▶ [Task description]: Extract all lines in the data that contain the word "Puma".

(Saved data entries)
************

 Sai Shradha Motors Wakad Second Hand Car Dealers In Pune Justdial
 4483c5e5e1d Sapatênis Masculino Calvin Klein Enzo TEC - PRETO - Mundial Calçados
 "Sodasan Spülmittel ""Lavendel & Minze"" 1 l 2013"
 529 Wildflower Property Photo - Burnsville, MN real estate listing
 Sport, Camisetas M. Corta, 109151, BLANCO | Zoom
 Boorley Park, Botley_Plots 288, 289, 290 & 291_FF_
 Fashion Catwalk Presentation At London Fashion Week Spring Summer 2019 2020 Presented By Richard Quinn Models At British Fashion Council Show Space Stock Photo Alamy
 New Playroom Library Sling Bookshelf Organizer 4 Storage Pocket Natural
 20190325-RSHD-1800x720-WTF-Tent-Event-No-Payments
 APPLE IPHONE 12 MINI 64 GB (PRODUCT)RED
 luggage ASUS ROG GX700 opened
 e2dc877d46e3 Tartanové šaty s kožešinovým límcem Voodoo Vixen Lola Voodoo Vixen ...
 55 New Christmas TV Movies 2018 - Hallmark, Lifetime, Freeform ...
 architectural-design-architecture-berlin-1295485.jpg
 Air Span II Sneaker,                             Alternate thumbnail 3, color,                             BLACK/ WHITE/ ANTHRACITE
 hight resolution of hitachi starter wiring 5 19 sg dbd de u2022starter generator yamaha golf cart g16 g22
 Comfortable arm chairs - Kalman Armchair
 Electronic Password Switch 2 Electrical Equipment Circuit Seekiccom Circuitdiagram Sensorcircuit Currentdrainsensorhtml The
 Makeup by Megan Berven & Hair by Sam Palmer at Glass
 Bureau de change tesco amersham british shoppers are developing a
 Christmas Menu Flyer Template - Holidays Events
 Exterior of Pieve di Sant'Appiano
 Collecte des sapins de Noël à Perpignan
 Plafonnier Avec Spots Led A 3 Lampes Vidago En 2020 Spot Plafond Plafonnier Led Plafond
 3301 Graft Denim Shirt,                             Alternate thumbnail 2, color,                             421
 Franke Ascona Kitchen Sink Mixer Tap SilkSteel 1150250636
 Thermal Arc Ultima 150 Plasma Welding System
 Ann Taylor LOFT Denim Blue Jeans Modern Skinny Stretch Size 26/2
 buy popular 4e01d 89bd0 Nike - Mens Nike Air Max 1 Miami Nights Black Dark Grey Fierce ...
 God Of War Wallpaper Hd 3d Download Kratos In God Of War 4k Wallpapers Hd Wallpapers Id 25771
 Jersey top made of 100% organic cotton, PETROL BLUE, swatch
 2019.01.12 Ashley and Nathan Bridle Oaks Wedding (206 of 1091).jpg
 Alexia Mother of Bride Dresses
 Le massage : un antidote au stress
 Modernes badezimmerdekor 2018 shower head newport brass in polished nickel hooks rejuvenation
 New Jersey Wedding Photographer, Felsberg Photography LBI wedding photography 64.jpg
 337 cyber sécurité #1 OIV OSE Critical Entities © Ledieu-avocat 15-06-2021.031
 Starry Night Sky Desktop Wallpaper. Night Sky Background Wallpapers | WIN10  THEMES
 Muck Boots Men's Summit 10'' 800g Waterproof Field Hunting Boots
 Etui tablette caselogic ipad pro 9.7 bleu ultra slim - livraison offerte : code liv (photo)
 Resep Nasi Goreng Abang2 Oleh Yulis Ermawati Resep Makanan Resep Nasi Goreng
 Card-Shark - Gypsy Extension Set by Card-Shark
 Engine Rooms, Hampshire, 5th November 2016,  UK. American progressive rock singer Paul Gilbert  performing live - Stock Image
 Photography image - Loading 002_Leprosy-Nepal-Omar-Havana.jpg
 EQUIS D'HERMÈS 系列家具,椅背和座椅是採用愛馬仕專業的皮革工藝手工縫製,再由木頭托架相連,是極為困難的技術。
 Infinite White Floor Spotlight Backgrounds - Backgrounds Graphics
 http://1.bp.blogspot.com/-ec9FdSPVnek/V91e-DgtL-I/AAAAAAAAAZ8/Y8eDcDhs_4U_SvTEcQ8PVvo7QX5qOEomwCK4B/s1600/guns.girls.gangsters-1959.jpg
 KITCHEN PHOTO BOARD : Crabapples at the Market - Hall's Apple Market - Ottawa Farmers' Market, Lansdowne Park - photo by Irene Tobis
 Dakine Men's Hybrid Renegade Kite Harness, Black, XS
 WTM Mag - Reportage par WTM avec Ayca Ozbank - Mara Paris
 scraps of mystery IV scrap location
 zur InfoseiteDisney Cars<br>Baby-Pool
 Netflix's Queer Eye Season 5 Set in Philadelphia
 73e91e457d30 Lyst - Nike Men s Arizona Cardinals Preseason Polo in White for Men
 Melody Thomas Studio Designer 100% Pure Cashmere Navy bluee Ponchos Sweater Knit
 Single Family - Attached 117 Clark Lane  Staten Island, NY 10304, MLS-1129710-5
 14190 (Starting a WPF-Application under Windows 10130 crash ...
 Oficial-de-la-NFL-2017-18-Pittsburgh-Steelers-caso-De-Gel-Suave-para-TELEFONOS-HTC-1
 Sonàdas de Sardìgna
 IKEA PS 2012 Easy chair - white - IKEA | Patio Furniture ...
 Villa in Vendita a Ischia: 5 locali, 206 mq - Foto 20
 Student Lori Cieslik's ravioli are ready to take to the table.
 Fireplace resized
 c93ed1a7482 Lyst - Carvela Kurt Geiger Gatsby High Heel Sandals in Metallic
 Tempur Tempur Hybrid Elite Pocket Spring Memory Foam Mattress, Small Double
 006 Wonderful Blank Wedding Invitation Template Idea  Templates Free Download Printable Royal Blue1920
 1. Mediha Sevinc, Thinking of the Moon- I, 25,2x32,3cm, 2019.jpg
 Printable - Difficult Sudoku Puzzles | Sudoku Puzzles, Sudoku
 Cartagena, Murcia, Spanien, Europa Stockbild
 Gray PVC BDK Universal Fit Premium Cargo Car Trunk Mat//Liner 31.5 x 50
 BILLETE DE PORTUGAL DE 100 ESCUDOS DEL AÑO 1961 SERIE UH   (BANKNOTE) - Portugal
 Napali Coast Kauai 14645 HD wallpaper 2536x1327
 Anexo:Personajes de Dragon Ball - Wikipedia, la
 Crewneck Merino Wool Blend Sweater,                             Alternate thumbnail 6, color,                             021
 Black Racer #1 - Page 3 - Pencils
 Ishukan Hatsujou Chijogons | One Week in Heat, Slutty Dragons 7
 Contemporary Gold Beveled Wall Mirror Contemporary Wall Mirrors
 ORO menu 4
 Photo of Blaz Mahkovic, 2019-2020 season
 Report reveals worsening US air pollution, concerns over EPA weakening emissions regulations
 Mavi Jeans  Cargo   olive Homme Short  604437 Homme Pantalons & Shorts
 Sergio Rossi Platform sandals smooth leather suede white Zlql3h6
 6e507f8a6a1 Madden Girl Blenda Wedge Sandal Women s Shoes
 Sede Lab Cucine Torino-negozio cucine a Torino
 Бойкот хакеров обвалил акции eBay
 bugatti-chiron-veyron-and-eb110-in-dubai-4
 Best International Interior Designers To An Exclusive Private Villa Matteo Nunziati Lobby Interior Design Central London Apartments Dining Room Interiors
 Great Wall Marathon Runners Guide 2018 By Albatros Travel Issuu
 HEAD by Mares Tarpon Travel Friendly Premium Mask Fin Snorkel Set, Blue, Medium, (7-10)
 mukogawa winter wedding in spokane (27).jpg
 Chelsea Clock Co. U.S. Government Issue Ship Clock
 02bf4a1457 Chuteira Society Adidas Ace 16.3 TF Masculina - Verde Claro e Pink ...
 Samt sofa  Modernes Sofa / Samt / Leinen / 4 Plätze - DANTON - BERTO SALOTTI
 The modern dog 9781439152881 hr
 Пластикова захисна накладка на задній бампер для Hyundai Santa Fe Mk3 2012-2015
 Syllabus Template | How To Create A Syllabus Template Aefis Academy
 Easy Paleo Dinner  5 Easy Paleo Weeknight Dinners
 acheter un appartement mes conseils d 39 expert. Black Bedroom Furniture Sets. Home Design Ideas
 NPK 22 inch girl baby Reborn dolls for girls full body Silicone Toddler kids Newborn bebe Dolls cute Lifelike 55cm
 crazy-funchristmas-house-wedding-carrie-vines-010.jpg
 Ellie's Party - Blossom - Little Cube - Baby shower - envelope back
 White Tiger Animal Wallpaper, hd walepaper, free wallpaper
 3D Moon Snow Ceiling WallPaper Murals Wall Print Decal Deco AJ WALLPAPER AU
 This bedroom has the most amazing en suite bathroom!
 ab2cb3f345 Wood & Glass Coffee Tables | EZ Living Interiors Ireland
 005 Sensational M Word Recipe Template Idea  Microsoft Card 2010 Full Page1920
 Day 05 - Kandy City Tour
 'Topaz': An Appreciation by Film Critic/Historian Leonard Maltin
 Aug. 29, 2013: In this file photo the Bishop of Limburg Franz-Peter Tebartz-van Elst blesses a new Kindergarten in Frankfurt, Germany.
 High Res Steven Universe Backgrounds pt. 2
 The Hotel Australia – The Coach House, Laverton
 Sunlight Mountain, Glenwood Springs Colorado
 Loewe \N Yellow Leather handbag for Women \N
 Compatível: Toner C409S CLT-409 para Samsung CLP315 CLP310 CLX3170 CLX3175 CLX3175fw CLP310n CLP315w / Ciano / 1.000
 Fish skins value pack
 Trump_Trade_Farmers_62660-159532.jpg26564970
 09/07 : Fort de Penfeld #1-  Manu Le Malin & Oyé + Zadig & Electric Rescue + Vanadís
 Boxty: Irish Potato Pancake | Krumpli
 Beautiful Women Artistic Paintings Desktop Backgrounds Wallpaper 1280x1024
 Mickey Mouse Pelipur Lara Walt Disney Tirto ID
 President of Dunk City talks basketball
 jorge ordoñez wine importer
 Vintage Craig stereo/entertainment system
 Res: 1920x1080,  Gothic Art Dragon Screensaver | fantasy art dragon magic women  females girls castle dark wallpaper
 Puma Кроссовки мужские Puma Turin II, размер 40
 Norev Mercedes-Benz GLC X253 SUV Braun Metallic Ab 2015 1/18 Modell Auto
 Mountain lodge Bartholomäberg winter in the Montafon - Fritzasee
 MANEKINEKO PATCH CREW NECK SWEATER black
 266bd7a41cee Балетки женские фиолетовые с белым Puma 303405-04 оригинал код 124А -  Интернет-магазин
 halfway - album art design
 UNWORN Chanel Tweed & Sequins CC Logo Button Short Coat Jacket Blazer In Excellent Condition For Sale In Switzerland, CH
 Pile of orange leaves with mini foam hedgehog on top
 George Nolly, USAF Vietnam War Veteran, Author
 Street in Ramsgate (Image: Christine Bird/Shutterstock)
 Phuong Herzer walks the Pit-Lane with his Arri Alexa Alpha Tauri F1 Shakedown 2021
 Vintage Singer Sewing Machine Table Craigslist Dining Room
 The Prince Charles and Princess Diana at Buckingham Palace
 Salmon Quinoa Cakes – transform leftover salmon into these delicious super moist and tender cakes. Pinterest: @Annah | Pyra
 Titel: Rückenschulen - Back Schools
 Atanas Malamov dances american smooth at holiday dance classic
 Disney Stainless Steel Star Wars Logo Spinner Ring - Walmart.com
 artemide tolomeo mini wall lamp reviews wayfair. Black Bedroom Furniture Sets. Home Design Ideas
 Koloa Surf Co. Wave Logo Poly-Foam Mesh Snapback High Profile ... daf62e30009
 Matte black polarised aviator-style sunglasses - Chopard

************

▶ [Solution]:
 Puma Кроссовки мужские Puma Turin II, размер 40
 266bd7a41cee Балетки женские фиолетовые с белым Puma 303405-04 оригинал код 124А -  Интернет-магазин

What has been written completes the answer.